Con una serie di accorgimenti (tutt’altro che banali) sarà possibile impostare un “tasso di prelevamento sostenibile” sul capitale investito che andrà a costituire la rendita passiva.
La crescita del capitale investito andrà a ricostruire quanto prelevato, consentendo di mantenere intatto, nel tempo, il livello del capitale e di rivalutare il prelevamento al tasso di inflazione garantendo il potere di acquisto (ne abbiamo parlato dettagliatamente in questo articolo sul “tasso di prelevamento perpetuo”).
La tesi a cui viene dato maggior credito è quella che individua nel 4% (rivalutato per l’inflazione) il tasso di prelevamento ideale, detta appunto “regola del 4%” (che abbiamo analizzato ipotizzando strategie migliorative in questo post).
Una delle variabili più importanti da considerare quando si pianifica una strategia per alimentare una rendita passiva è il cosiddetto rischio della sequenza dei rendimenti.
Con questo termine si fa riferimento al fatto che una sequenza di rendimenti sfavorevoli, seppur mediamente generosi, può seriamente compromettere l’efficacia di un piano finanziario anche ben congegnato.
In questo articolo tratteremo il problema della sequenza dei rendimenti e cercheremo di individuare le possibili soluzioni.
Indice
La polemica sui rendimenti medi
Quando si pensa a costruire un portafoglio finanziario per alimentare una rendita passiva, l’obiettivo naturale dovrebbe essere quello di massimizzarne la resa in modo da riuscire a ottenere quanto più possibile in termini di rendita periodica.
Questa è proprio la linea di pensiero sostenuta da Dave Ramsey consulente finanziario, autore e conduttore radiofonico negli Stati Uniti.
Ramsey ha raggiunto la popolarità grazie ai suoi consigli di finanza personale dedicati, soprattutto, alla riduzione dei debiti.
Recentemente, nel corso di una puntata della sua trasmissione, ha espresso tutto il suo disappunto per tutte le teorie accademiche sulla regola del 4% e sul mix ottimale di asset class per erogare una rendita periodica.
La soluzione sarebbe assolutamente molto più semplice e molto più redditizia:
l’S&P500 cresce a una media del 12% annuo circa, l’inflazione media è stata del 4% circa.
Sottraendo l’inflazione dal rendimento si arriva a un 8% che, quindi, equivarrebbe al tasso di prelevamento ideale.
Fondamentalmente Ramsey si propone di dare speranza alle persone che cercano di raggiungere l’indipendenza finanziaria attraverso il risparmio e l’investimento, proponendo tassi di prelevamento più alti (che, quindi, riducono l’ammontare di capitale necessario per ottenere una rendita adeguata).
Il problema è che quando si parla di mercati reali con soldi reali nessun investitore riceve la media esatta: i rendimenti non sono mai costanti e si muovono molto in alto e, ahimè, molto in basso intorno a una media storica.
Questo significa che un forte calo del mercato azionario, e quindi del valore del portafoglio, negli anni iniziali di messa a punto della strategia ne può compromettere drammaticamente l’efficacia.
Il problema della sequenza dei rendimenti
Seguire l’esempio proposto da Ramsey può rivelarsi molto pericoloso per chi intende utilizzare un capitale per alimentare una rendita periodica.
Prendendo ancora come esempio l’S&P500 (cioè quello che è stato il mercato azionario più generoso nella storia finanziaria moderna), immaginiamo di essere nel 1973 e di voler utilizzare il mercato azionario statunitense per alimentare la nostra rendita passiva.
Immaginiamo anche di sapere che per i successivi anni il rendimento medio dell’S&P500 sarà dell’11,5% e l’inflazione media sarà, invece, pari al 4,5% circa.

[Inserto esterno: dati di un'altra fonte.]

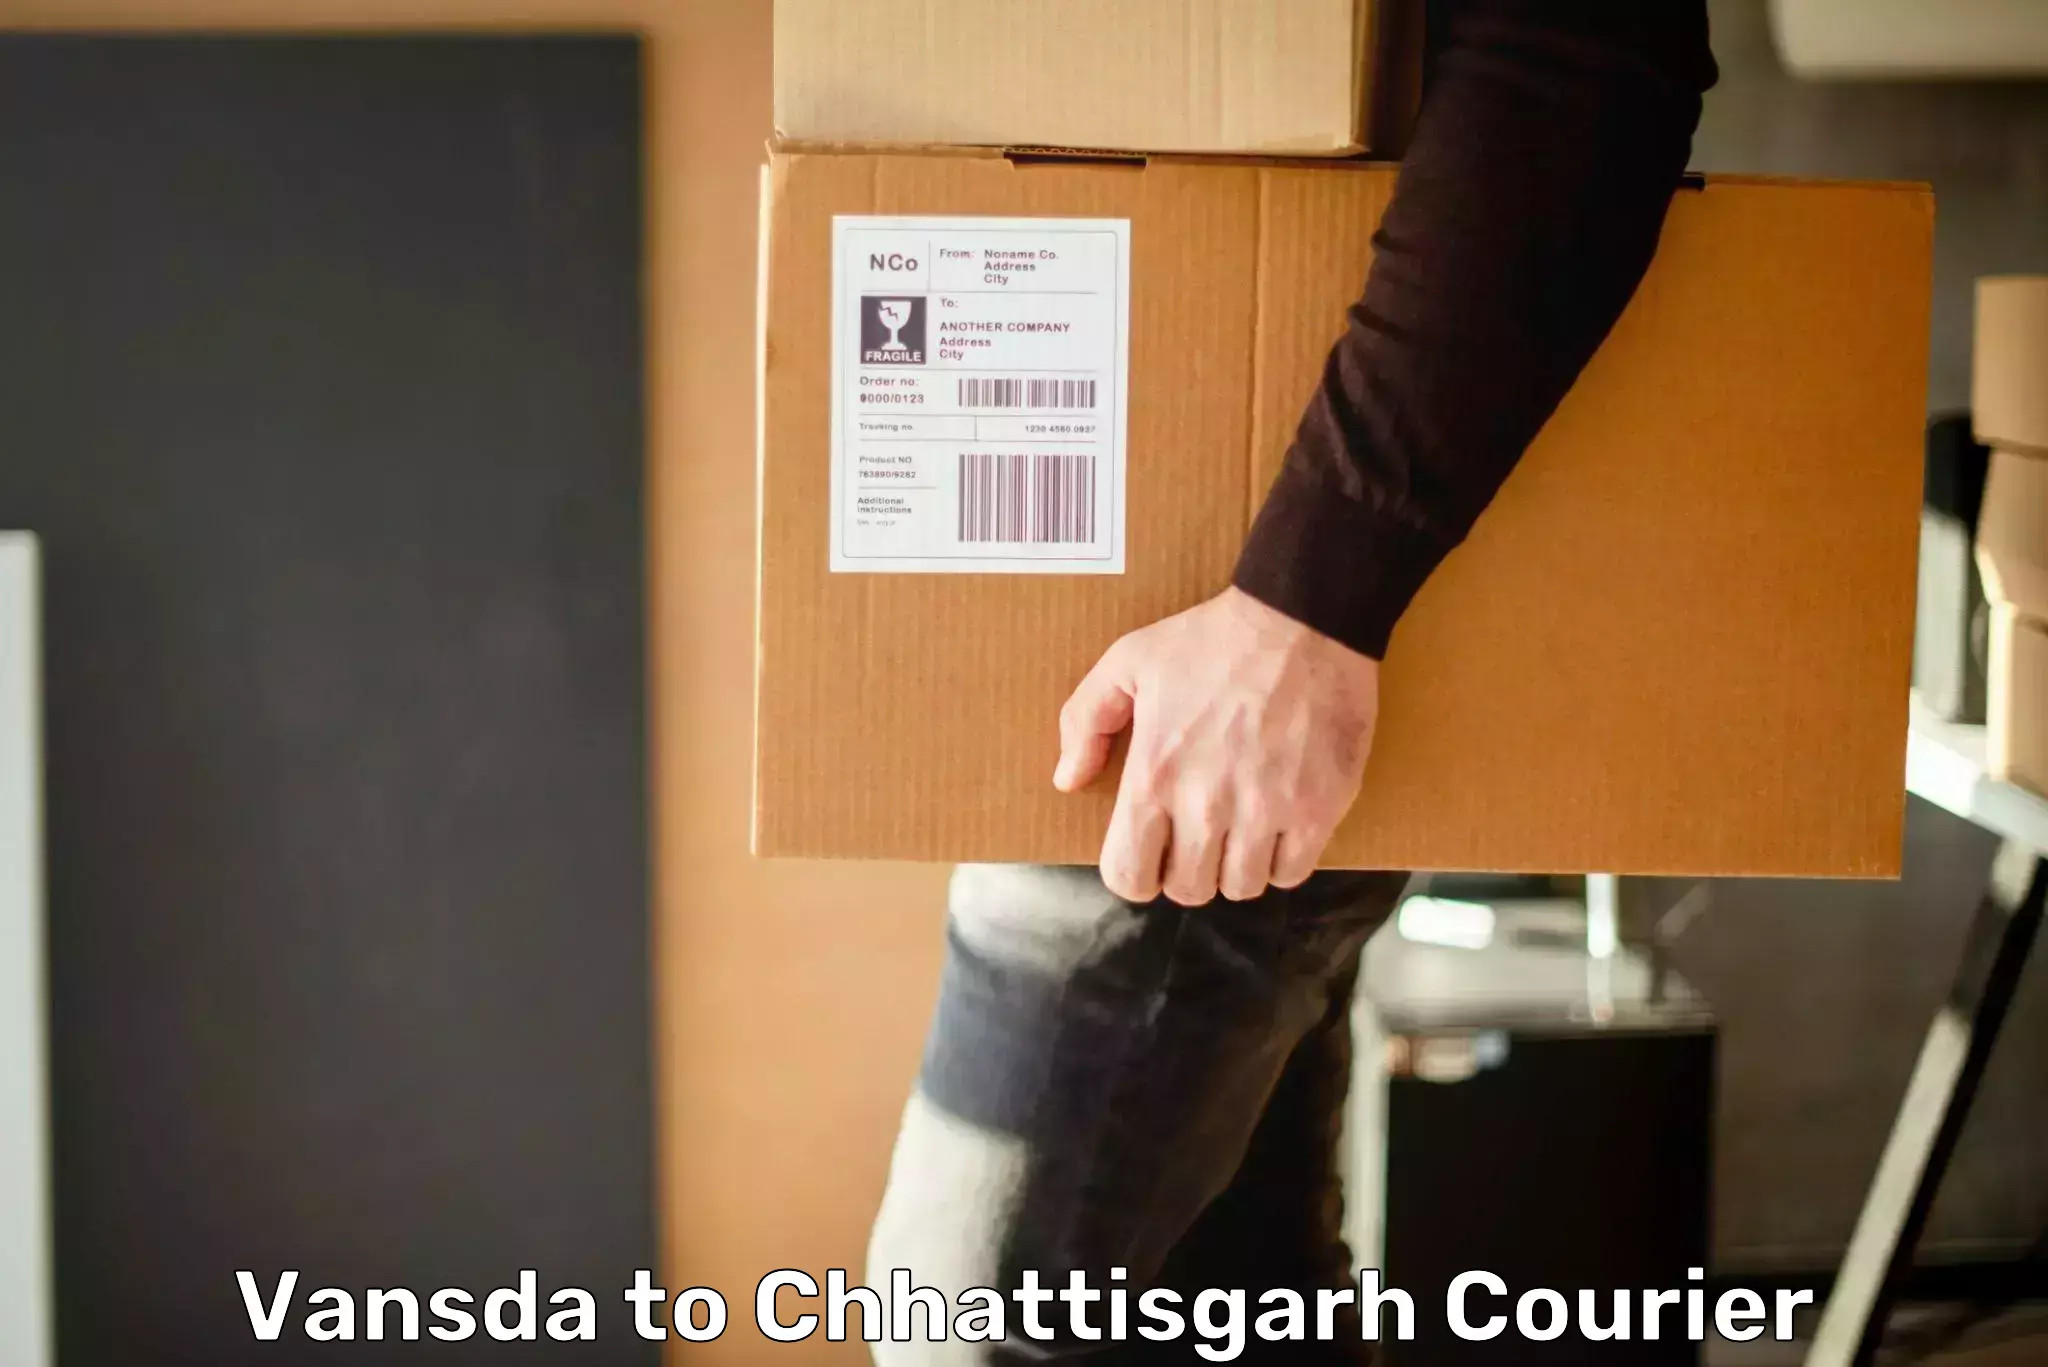 Personalized courier experiences Vansda to Korea Chhattisgarh

Sulla base di queste informazioni decidiamo di impostare un tasso di prelevamento pari al 7% (cioè il rendimento medio – l’inflazione media).
Questo è quello che ci aspetterà negli anni successivi: il grafico mostra la sequenza con cui il mercato ha restituito i rendimenti annui (rappresentati dagli istogrammi blu e rossi) intorno alla media dell’11,5% (rappresentata dalla linea tratteggiata nera):


Come si sarebbe comportata la nostra strategia di prelevamento basata sui “rendimenti medi” al netto dell’inflazione?
Questa è l’evoluzione di un portafoglio azionario da 1 milione (100% S&P500) su cui è stato impostato un tasso di prelevamento del 7% (adeguato all’inflazione) nel periodo preso in esame (dati in dollari statunitensi):


Da un punto di vista pratico, la rendita perpetua è l’esatto opposto del piano di accumulo: mentre nel piano di accumulo mercati al ribasso nella fase iniziale agevolano il successo della strategia, nella rendita perpetua vale il contrario.
Quando si attinge da un portafoglio che decresce per effetto dei ribassi dei mercati, si prosciugano risorse in grado di generare crescita nel corso dei mercati rialzisti futuri.
Quando la fase di declino del portafoglio (e dei mercati) è repentina o dura a lungo, senza le opportune contromisure il portafoglio non riuscirà più a recuperare.
E’ quello che è accaduto nel caso preso in esame: due anni di ribassi a doppia cifra nella fase iniziale, hanno compromesso il piano, nonostante i rendimenti generosi degli anni successivi.
Portafogli bilanciati: l’impatto della sequenza dei rendimenti
Nel paragrafo precedente abbiamo preso in esame l’ipotesi di un portafoglio esclusivamente azionario per analizzare l’impatto della sequenza dei rendimenti su una strategia di prelevamento perpetuo.
Vediamo adesso come si sarebbe comportato un portafoglio diversificato tra azioni e obbligazioni prendendo come riferimento il portafoglio classico 60/40 .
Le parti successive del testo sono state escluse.